La métaphysique et les sciences au XIXe siècle en France



La philosophie au XIXe siècle en France fait l’objet d’un jugement paradoxal :

D’un côté en effet, elle est évaluée comme une « réflexion philosophique tournant à vide ; l’univers mental du philosophe se rétrécit sans cesse. A la limite d’une ascèse de plus en plus formelle, la méditation semble réduite à l’opération d’un estomac qui, faute d’aliments, se digérerait lui-même » (Gusdorf, 1974, p. 436). Le retour à une métaphysique coupée de l’héritage des Lumières et des Idéologues, a entraîné l’exclusion des contenus positifs et coupé la philosophie de toute possibilité de prendre sa part dans l’avènement de l’anthropologie moderne.

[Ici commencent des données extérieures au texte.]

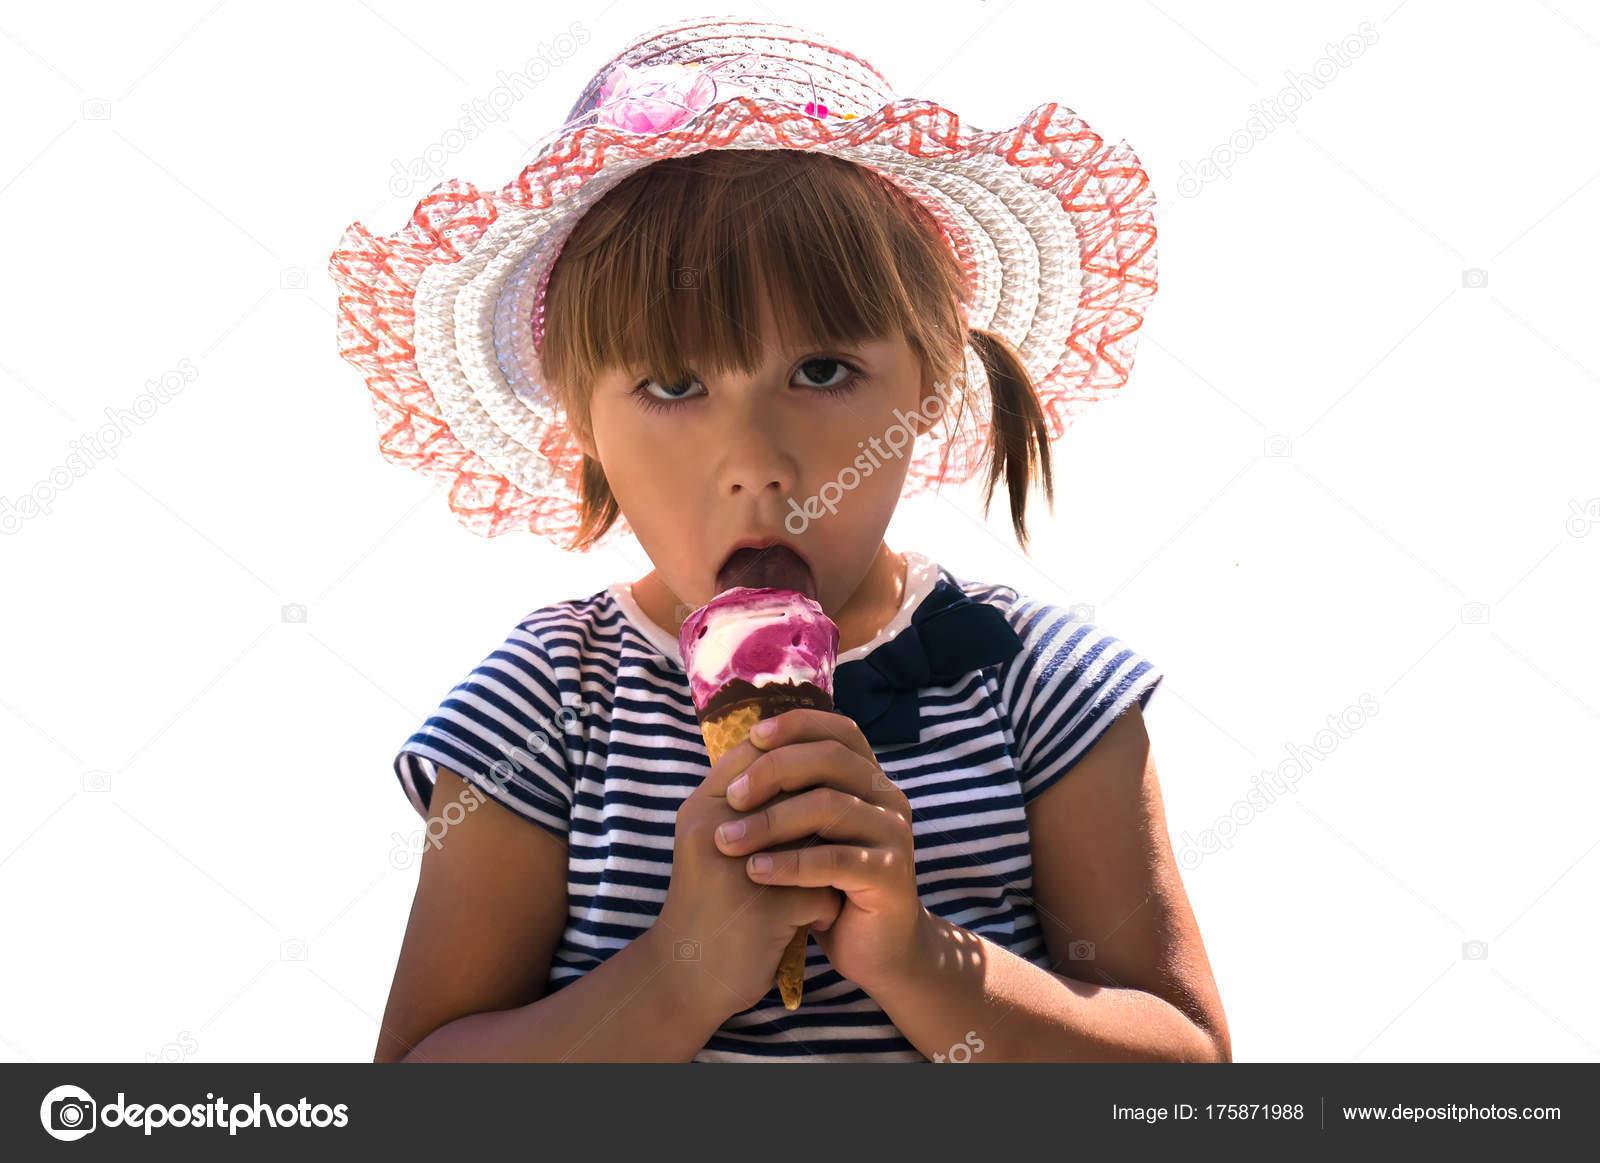 Colpo isolato della bambina sveglia con gli occhi marroni e capelli castano  scuro 3785c7c92d5b

Mais de l’autre, les contemporains de ce XIXe siècle purent, dans les nombreuses Situations dans lesquelles ils se sont essayés à écrire leur propre histoire, se décrire eux-mêmes par des interactions plutôt que par des exclusions. Dans le tableau qu’il destine aux Américains, Bergson esquisse ainsi les deux principaux traits qui donnent selon lui à la « philosophie française », depuis le seizième siècle, sa physionomie propre : « c’est une philosophie qui serre de près les contours de la réalité extérieure, telle que le physicien se la représente, et de très près aussi ceux de la réalité intérieure, telle qu’elle apparaît au psychologue » (Bergson, 1915, p.18). Ce qui serait spécifiquement français, par différence avec ce qui vient d’Allemagne ou de Grande-Bretagne, résiderait dans cette articulation.

Par-delà leur polarité, ces deux jugements placent ainsi au coeur de la définition de la philosophie, et de la forme particulière qu’elle prend en France au XIXe siècle, la question des rapports que la métaphysique, essentiellement envisagée dans sa dimension psychologique, entretient avec les sciences.

Dans le cadre du programme LabEx COMOD "The Battle for the Science of Man" (BATTMAN), l’objectif de ce colloque est d’explorer l’ensemble de ces relations. La relation d’exclusion réciproque est un cas de figure : exclusion, par les philosophes-métaphysiciens, de l’intégration des savoirs positifs dans une science de l’homme ; et exclusion, par les scientifiques-positivistes, de la part de spéculation dans la connaissance de la nature et de l’homme en tant qu’être naturel et social. Mais les démarcations réciproques elles-mêmes procèdent d’interactions, dont on oublie souvent qu’elles manifestent un lexique et des enjeux communs. La requalification condillacienne de la métaphysique abstraite, en humble connaissance des limites (étendue et bornes) de la connaissance humaine, peut ainsi, au fur et à mesure du siècle, se transformer en idéologie puis en psychologie empirique et en métaphysique positive. Symétriquement, les progrès scientifiques attendus, notamment en médecine, peuvent être corrélés à une théorie plus rigoureuse des relations entre l’esprit et le principe vital, et se traduire dans diverses formes de spiritualisme organique ou de métaphysique médicale.

Ce colloque nous permettra ainsi d’observer une philosophie au travail, ou à l’état pratique, cherchant à se constituer dans un dialogue permanent avec des champs du savoir que l’on a pu ensuite considérer comme ses extérieurs. Il nous permettra, en somme, de repenser l’intérêt et les enjeux d’une pratique interdisciplinaire de la philosophie, à partir d’un retour sur la genèse polémique des séparations disciplinaires actuelles.